I was reminded why and how this person challenged me when I first went to seminary. It was not through having all the right answers. It was not because she could find all the faults in my boxy theology through an intellectual debate.

She is a humble and wise person. And spending time with her was like being washed in a wave of tangible grace.

***

I’m not sure why that has been so hard to find out here in Omaha. I have tried to be that for others when I can be. I attempt to at least.

But most of the time, in my experience in the churches that I’ve visited and been a part of here in Omaha, I feel like I’m being talked down to most of the time. The things I hear from behind pulpits are not coming from lives lived out of humility and selflessness. They are coming from people who think they are right and that they have life mostly figured out and categorized. That if they don’t have an answer to one of life’s seemingly unanswerable questions, they can get there by reading a book or two.

I’m constantly being told what to think, feel, and do again.
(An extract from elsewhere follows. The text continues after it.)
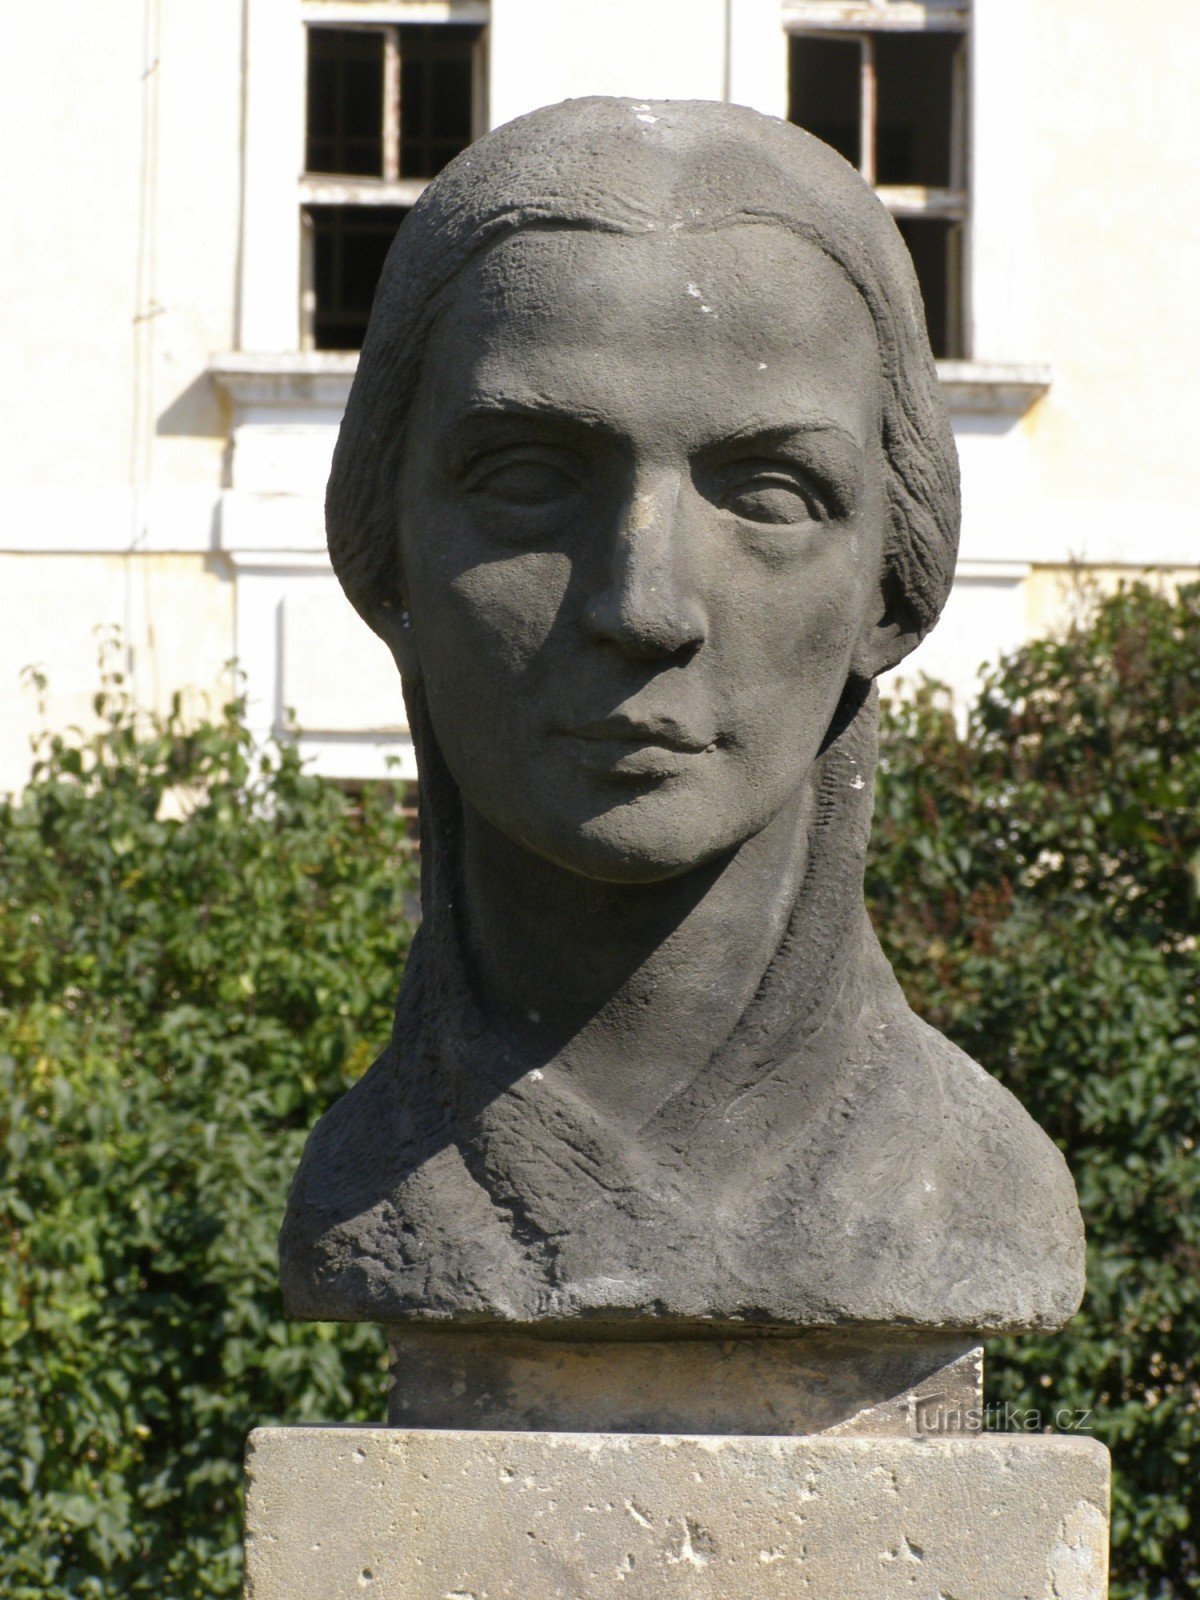 Josefov - μνημείο Bozena Němcová

It feels like there is a box constantly being built around me. I am struggling to escape that box. The boxed in life is a tough and unnecessary way to live. Where else do I go? Where else do I turn?

Sometimes the church can be a lonely place if you don’t want to simply accept everything that is being told to you. Living in ambiguity or letting doubt sit around for a while like I do about so many things is unsettling to many people within the church. But creating a false sense of security for so many people from the top down is much more troubling to me.

The reason why I stay in communities like this is 1) I don’t know where else to go, and 2) I want to give that feeling of a cool breeze on a hot summer day to someone. I want to be that person who gives a helping hand out of the box they may be living in. We need people like that in our lives. At this point in my life, I just hope I can be that for someone else.